**Work request:** Look below for the line with "Jonathon Porritt: ...living" and the line with "GANTRY CRANE WITH". Copy exactly those two lines and every line between, but not the pictures.

**Supplied records:**
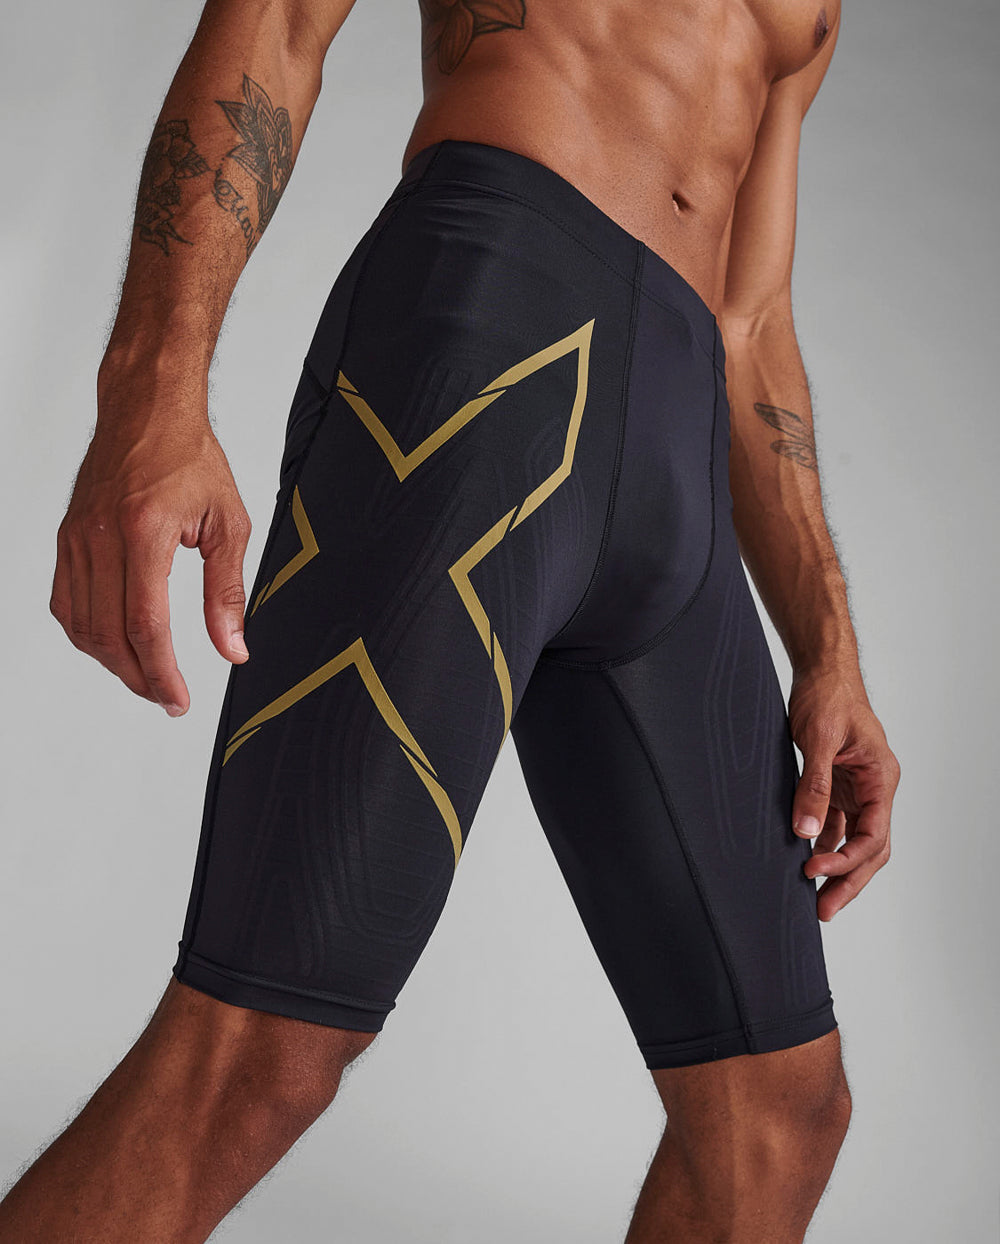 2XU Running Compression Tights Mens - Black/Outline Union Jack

* * *

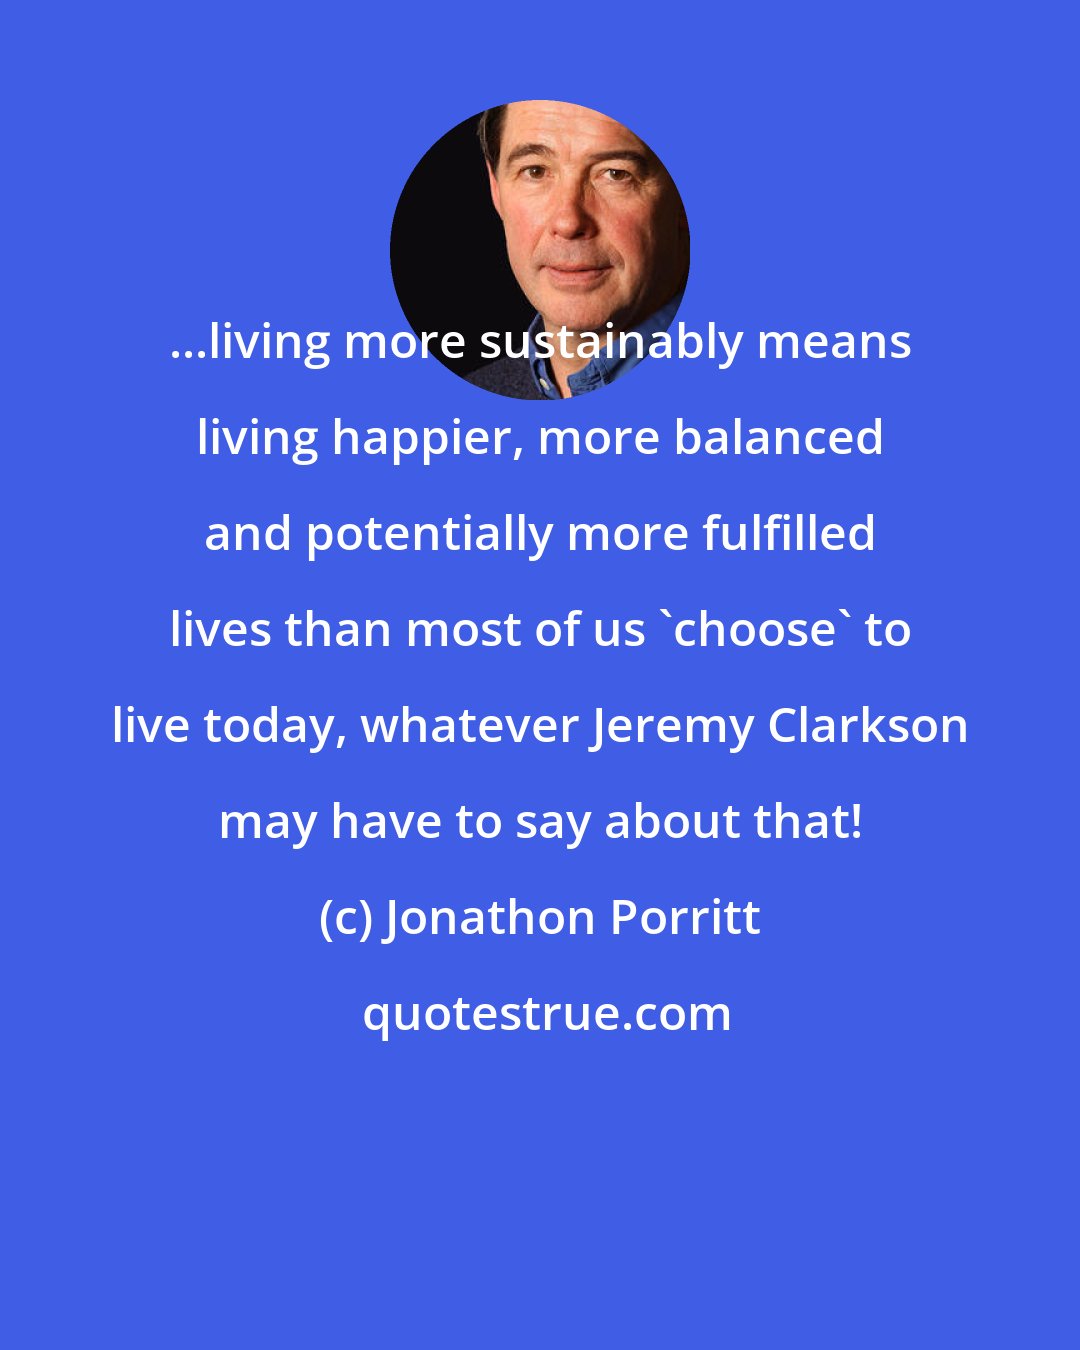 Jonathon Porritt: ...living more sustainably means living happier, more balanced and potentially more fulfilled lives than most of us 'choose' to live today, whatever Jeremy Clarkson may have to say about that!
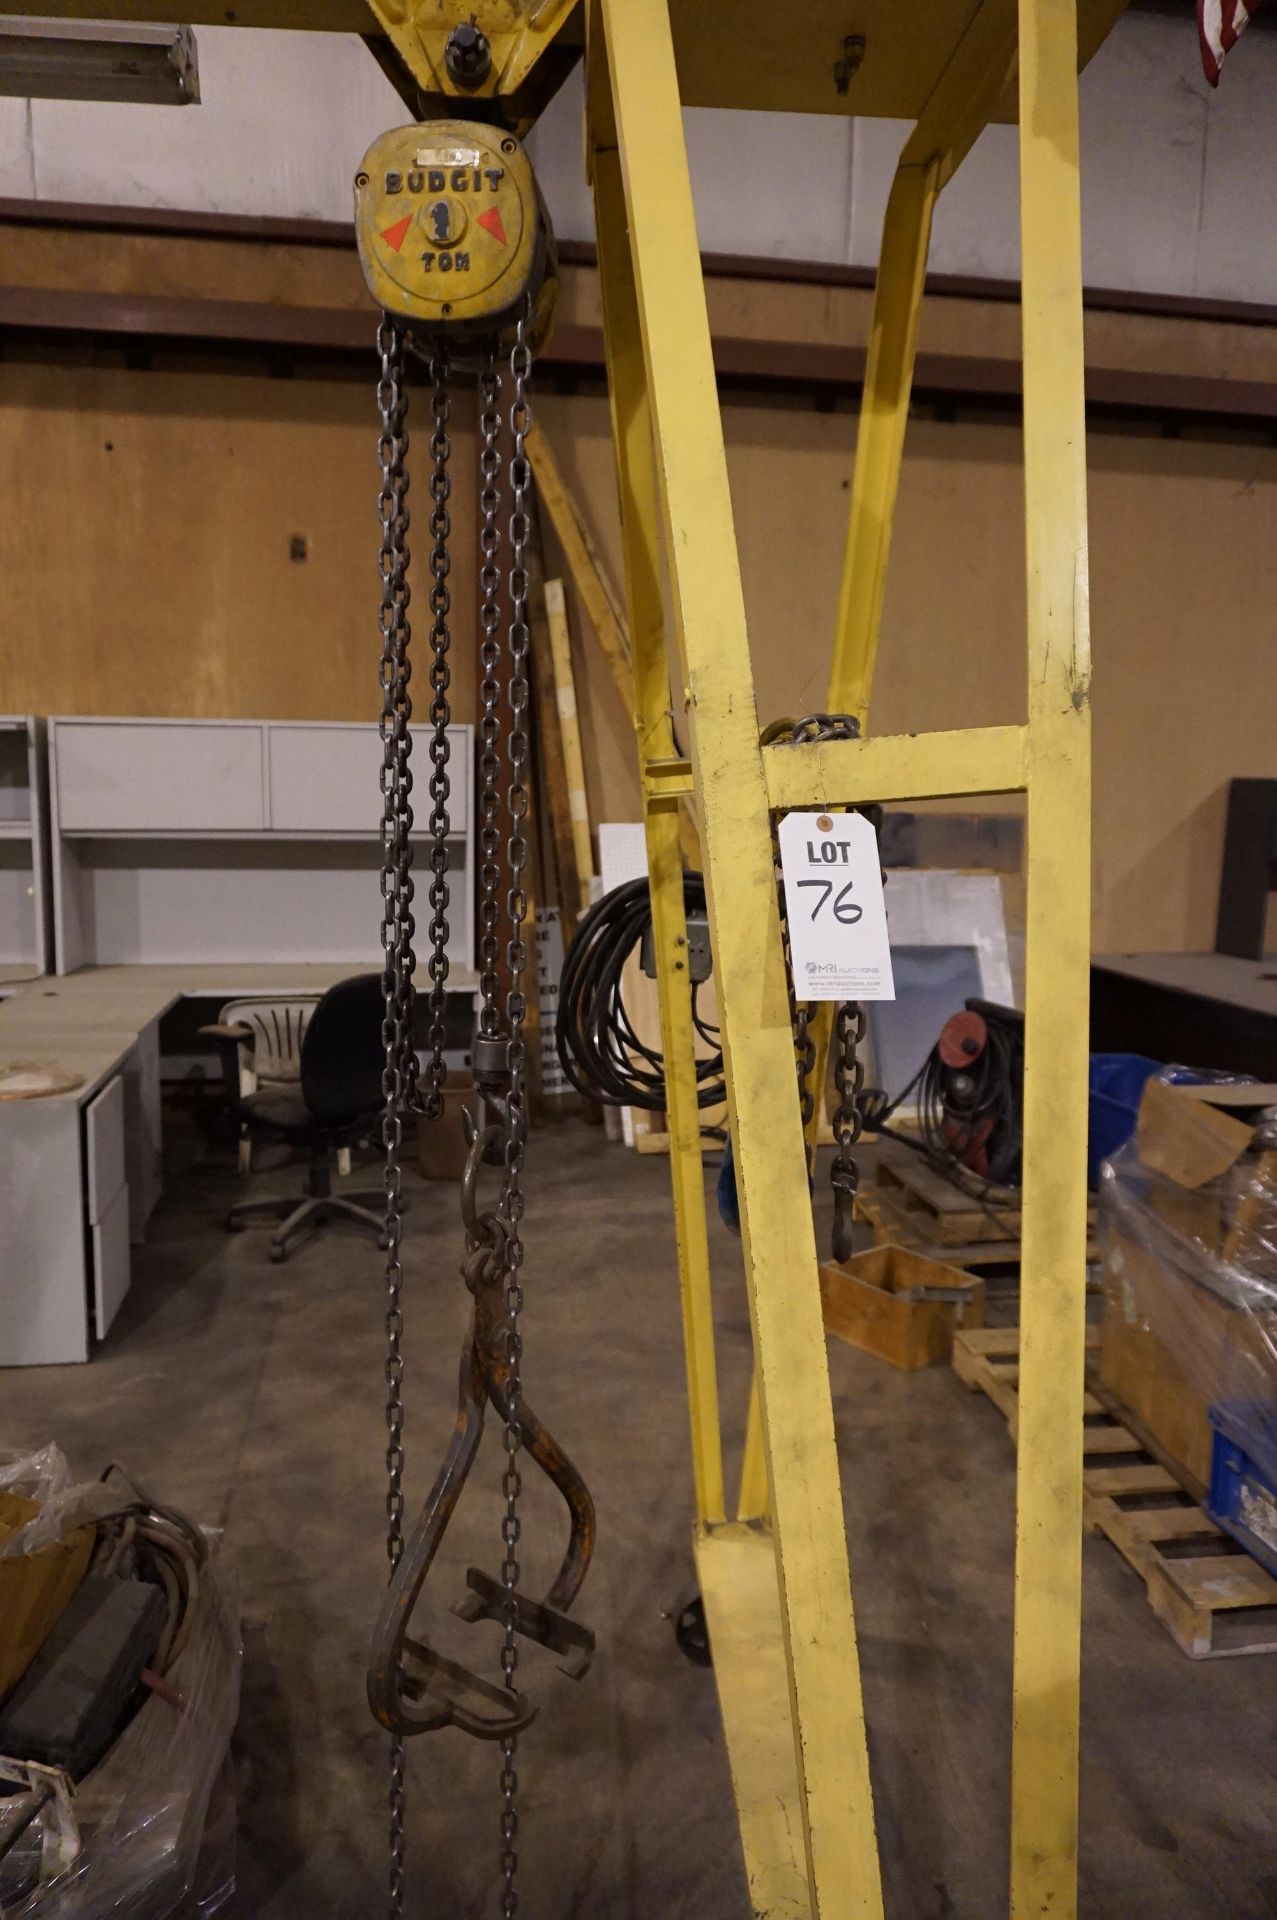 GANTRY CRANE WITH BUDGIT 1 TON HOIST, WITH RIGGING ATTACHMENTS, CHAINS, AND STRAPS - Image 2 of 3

...

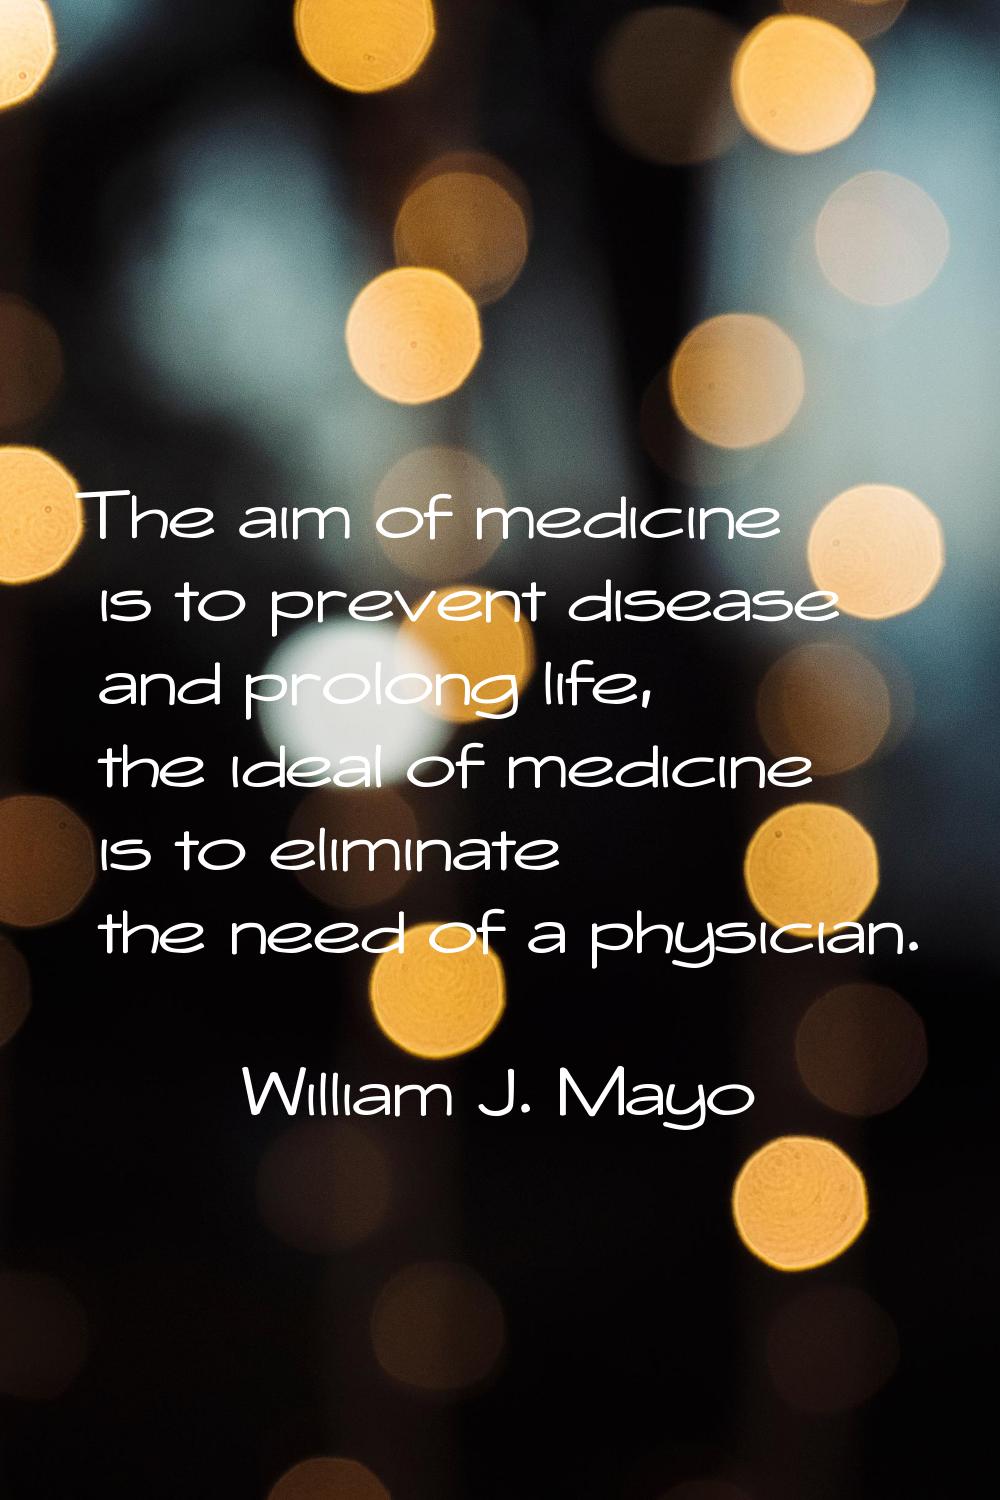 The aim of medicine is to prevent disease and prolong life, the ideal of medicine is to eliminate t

**Task response:**
 Jonathon Porritt: ...living more sustainably means living happier, more balanced and potentially more fulfilled lives than most of us 'choose' to live today, whatever Jeremy Clarkson may have to say about that!
 GANTRY CRANE WITH BUDGIT 1 TON HOIST, WITH RIGGING ATTACHMENTS, CHAINS, AND STRAPS - Image 2 of 3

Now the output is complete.